(Source data):

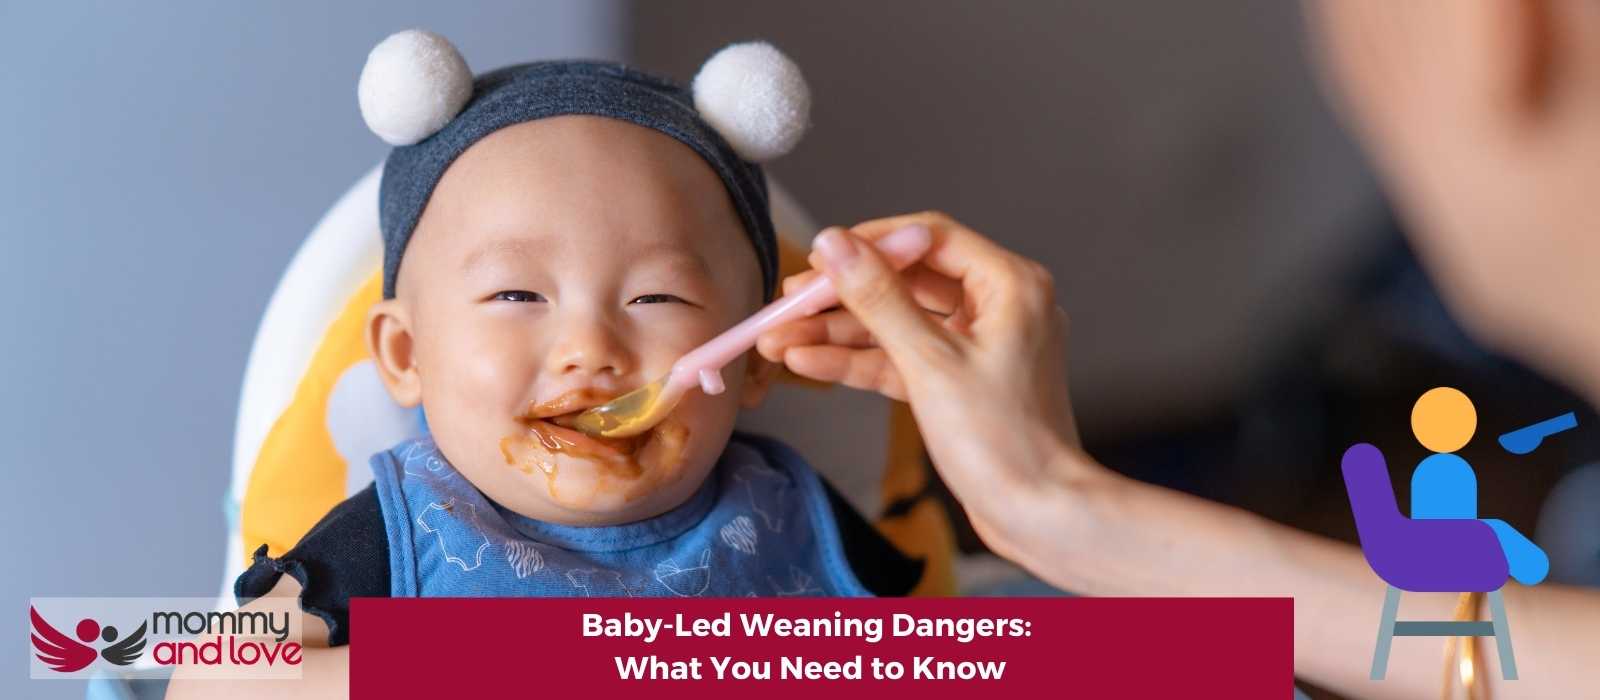 Baby-Led Weaning Dangers: What You Need to Know
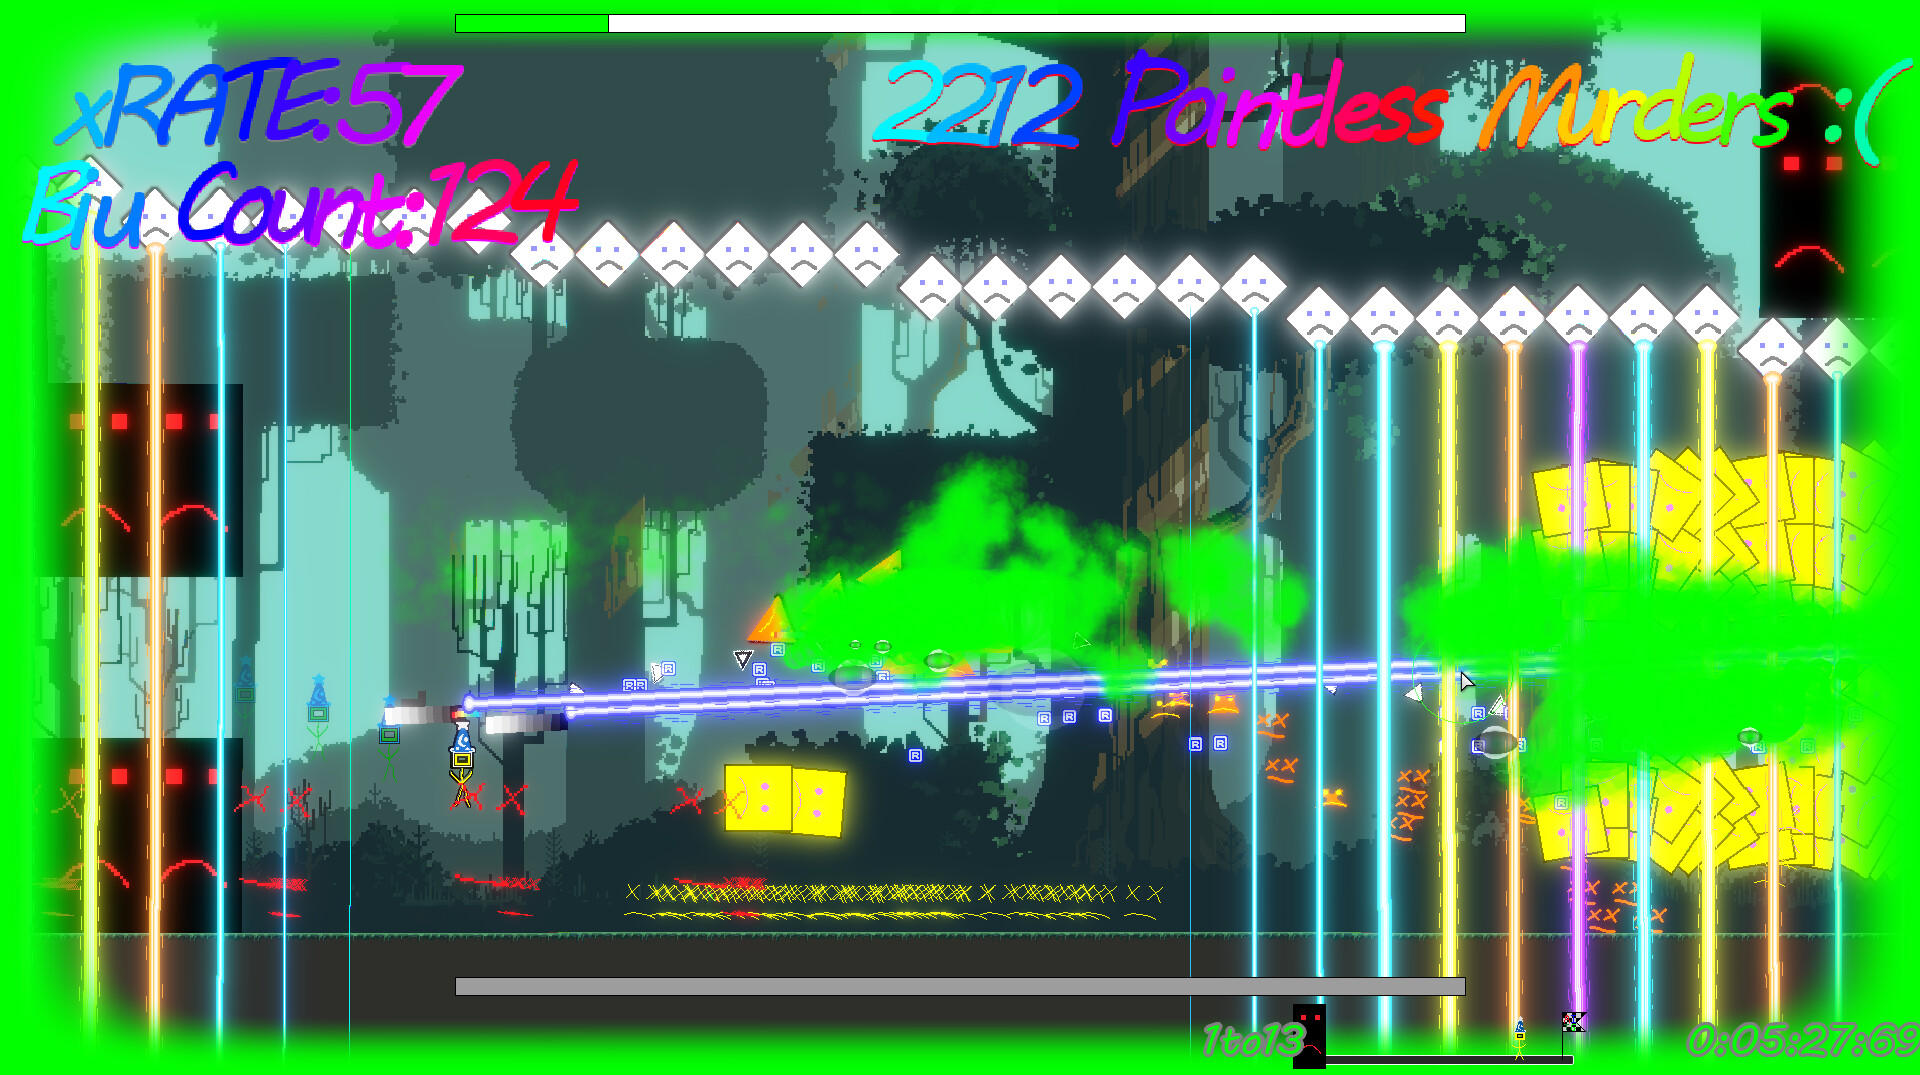 A2C:Ayry seems to be playtesting a 2D runner shooter from Cci ภาพหน้าจอเกม
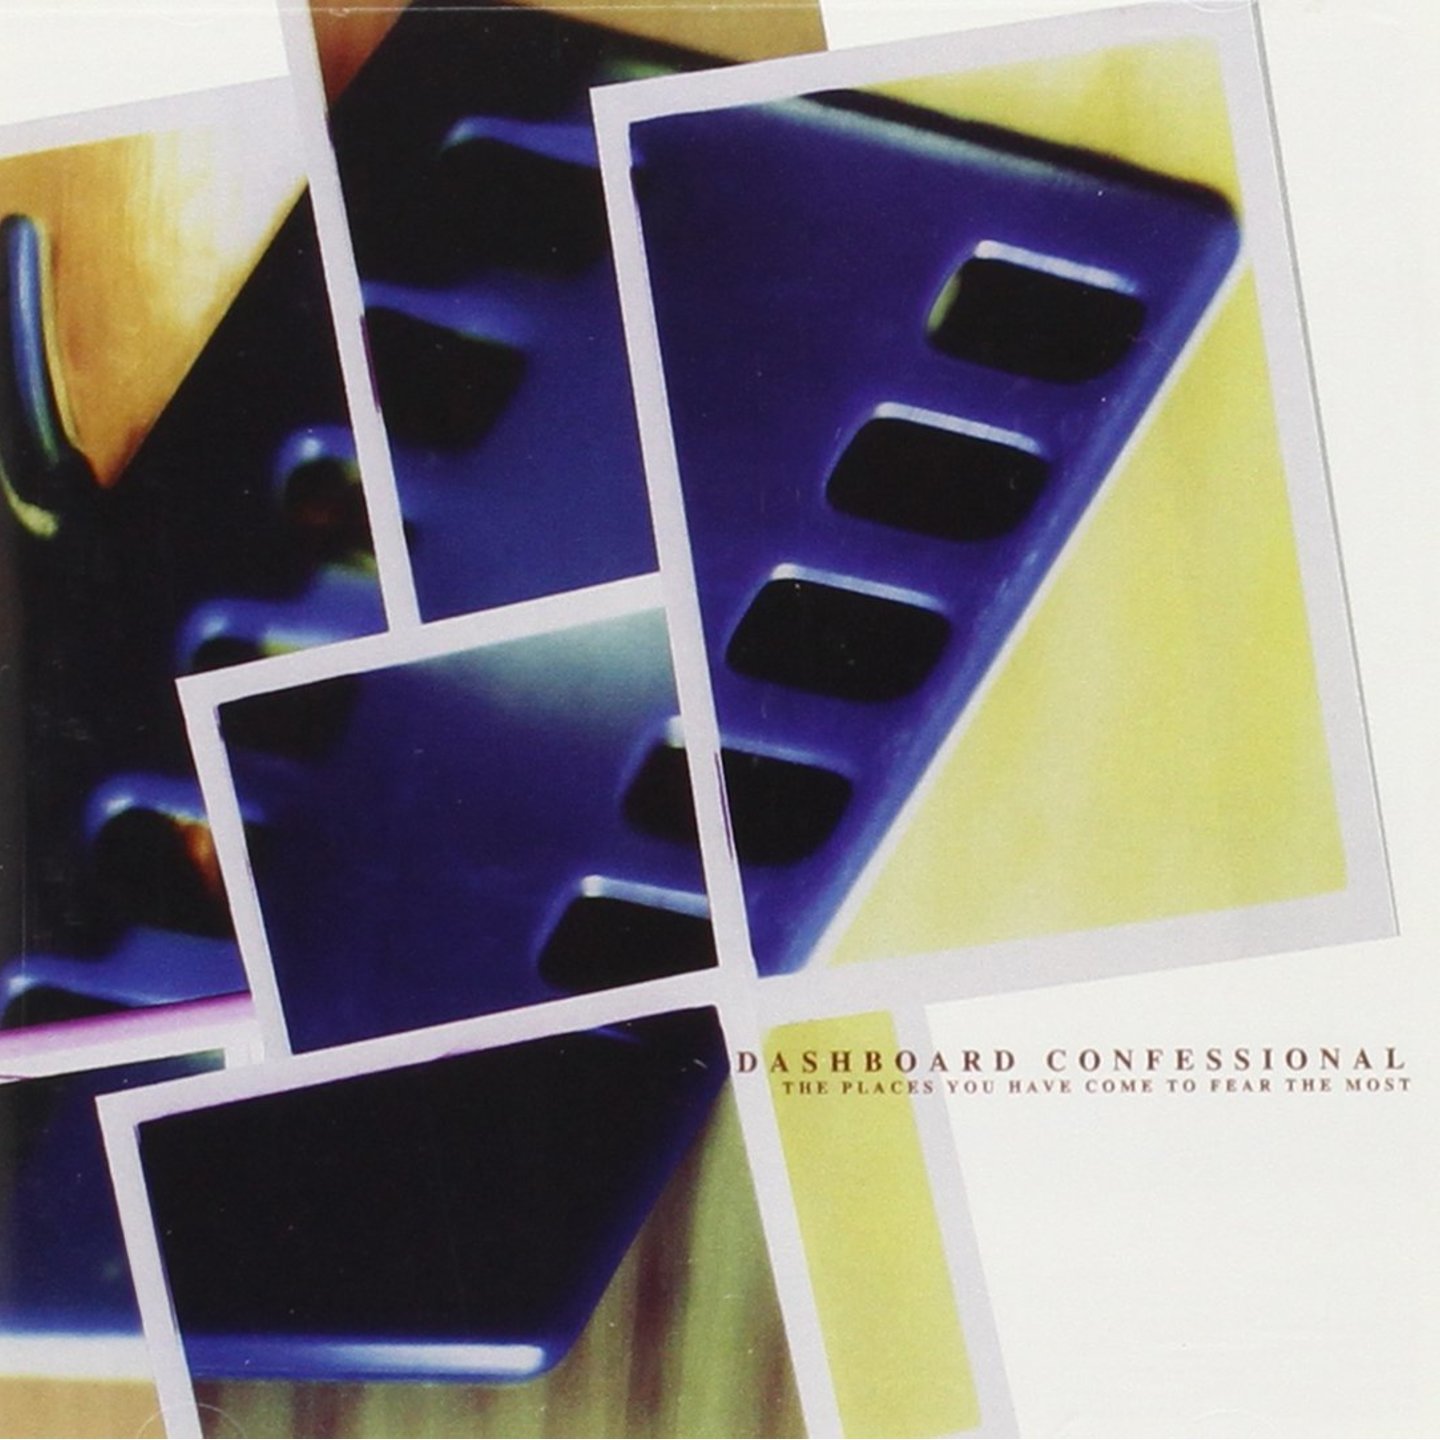 DASHBOARD CONFESSIONAL - The Places You Have Come To Fear The Most LP Indie, Colour Vinyl

(Work task): Make an exact copy of the listing. Do not carry over its pictures.

(Task result):
 Baby-Led Weaning Dangers: What You Need to Know
 A2C:Ayry seems to be playtesting a 2D runner shooter from Cci ภาพหน้าจอเกม
 DASHBOARD CONFESSIONAL - The Places You Have Come To Fear The Most LP Indie, Colour Vinyl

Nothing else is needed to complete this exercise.